Wulcan Judit M, Jacques Kevin L, Lee Mary Ann, Kovacs Samantha L, Dausend Nicole, Prince Lauren E, Wulcan Jonatan, Marsilio Sina, Keller Stefan M
Department of Pathology, Microbiology and Immunology, School of Veterinary Medicine, University of California, Davis, Davis, CA, United States.
College of Veterinary Medicine and Biomedical Sciences, James L. Voss Veterinary Teaching Hospital, Colorado State University, Fort Collins, CO, United States.
Front Vet Sci. 2025 Jan 16;11:1490030. doi: 10.3389/fvets.2024.1490030. eCollection 2024.
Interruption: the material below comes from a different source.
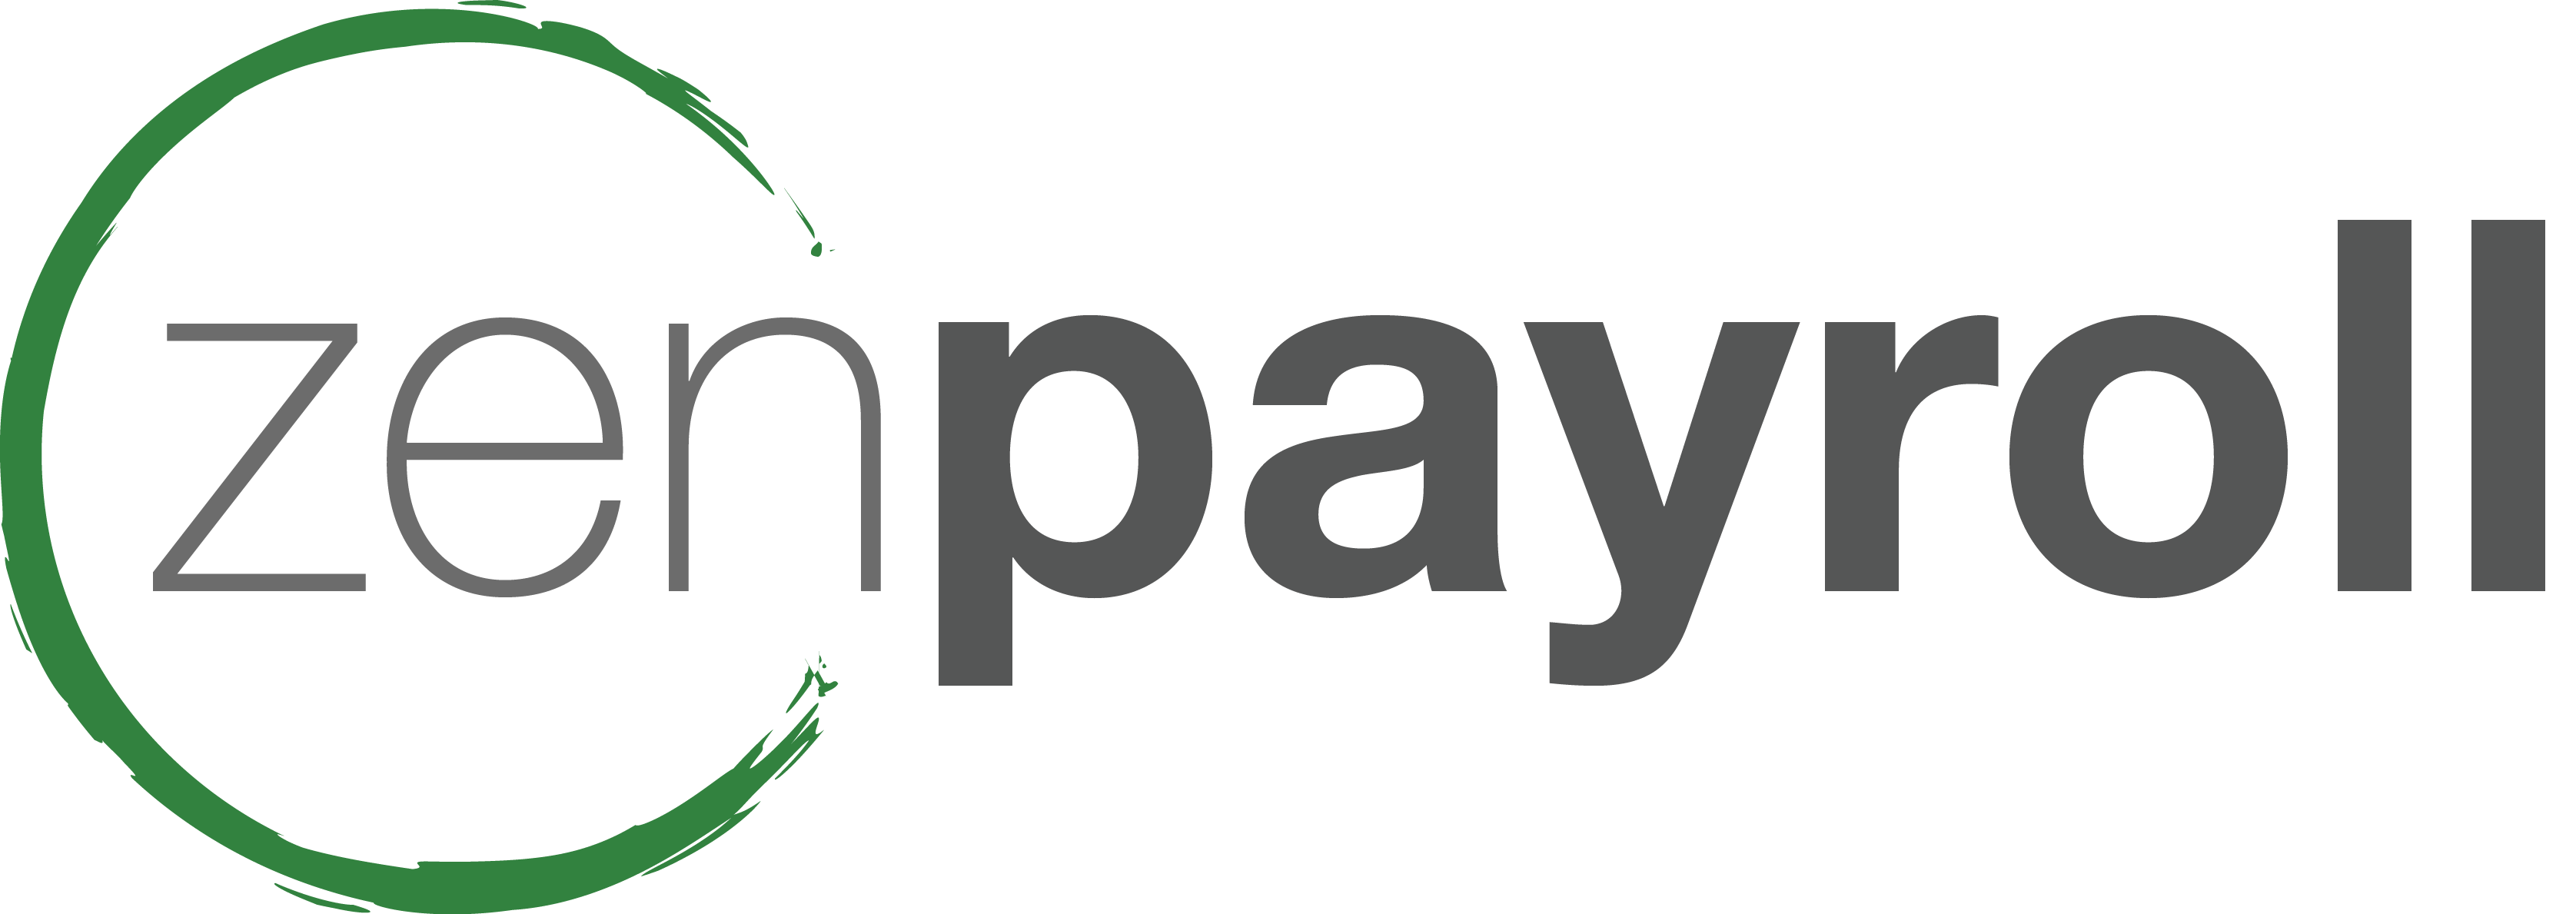 Payroll Logo - zenpayroll logo Assure LLC

Large language models (LLMs) can extract information from veterinary electronic health records (EHRs), but performance differences between models, the effect of hyperparameter settings, and the influence of text ambiguity have not been previously evaluated. This study addresses these gaps by comparing the performance of GPT-4 omni (GPT-4o) and GPT-3.5 Turbo under different conditions and by investigating the relationship between human interobserver agreement and LLM errors. The LLMs and five humans were tasked with identifying six clinical signs associated with feline chronic enteropathy in 250 EHRs from a veterinary referral hospital. When compared to the majority opinion of human respondents, GPT-4o demonstrated 96.9% sensitivity [interquartile range (IQR) 92.9-99.3%], 97.6% specificity (IQR 96.5-98.5%), 80.7% positive predictive value (IQR 70.8-84.6%), 99.5% negative predictive value (IQR 99.0-99.9%), 84.4% F1 score (IQR 77.3-90.4%), and 96.3% balanced accuracy (IQR 95.0-97.9%). The performance of GPT-4o was significantly better than that of its predecessor, GPT-3.5 Turbo, particularly with respect to sensitivity where GPT-3.5 Turbo only achieved 81.7% (IQR 78.9-84.8%). GPT-4o demonstrated greater reproducibility than human pairs, with an average Cohen's kappa of 0.98 (IQR 0.98-0.99) compared to 0.80 (IQR 0.78-0.81) with humans. Most GPT-4o errors occurred in instances where humans disagreed [35/43 errors (81.4%)], suggesting that these errors were more likely caused by ambiguity of the EHR than explicit model faults. Using GPT-4o to automate information extraction from veterinary EHRs is a viable alternative to manual extraction, but requires validation for the intended setting to ensure accuracy and reliability.
大语言模型(LLMs)可以从兽医电子健康记录(EHRs)中提取信息,但此前尚未评估不同模型之间的性能差异、超参数设置的影响以及文本模糊性的影响。本研究通过比较GPT-4 omni(GPT-4o)和GPT-3.5 Turbo在不同条件下的性能,并研究人类观察者间一致性与大语言模型错误之间的关系,填补了这些空白。大语言模型和五名人类被要求从一家兽医转诊医院的250份电子健康记录中识别与猫慢性肠病相关的六种临床症状。与人类受访者的多数意见相比,GPT-4o的灵敏度为96.9%[四分位间距(IQR)92.9 - 99.3%],特异度为97.6%(IQR 96.5 - 98.5%),阳性预测值为80.7%(IQR 70.8 - 84.6%),阴性预测值为99.5%(IQR 99.0 - 99.9%),F1分数为84.4%(IQR 77.3 - 90.4%),平衡准确度为96.3%(IQR 95.0 - 97.9%)。GPT-4o的性能明显优于其前身GPT-3.5 Turbo,特别是在灵敏度方面,GPT-3.5 Turbo仅达到81.7%(IQR 78.9 - 84.8%)。GPT-4o表现出比人类配对更高的可重复性,平均科恩kappa系数为0.98(IQR 0.98 - 0.99),而人类为0.80(IQR 0.78 - 0.81)。大多数GPT-4o错误发生在人类意见不一致的情况下[43个错误中有35个(81.4%)],这表明这些错误更可能是由电子健康记录的模糊性而非模型的明确故障引起的。使用GPT-4o自动从兽医电子健康记录中提取信息是手动提取的可行替代方案,但需要针对预期设置进行验证,以确保准确性和可靠性。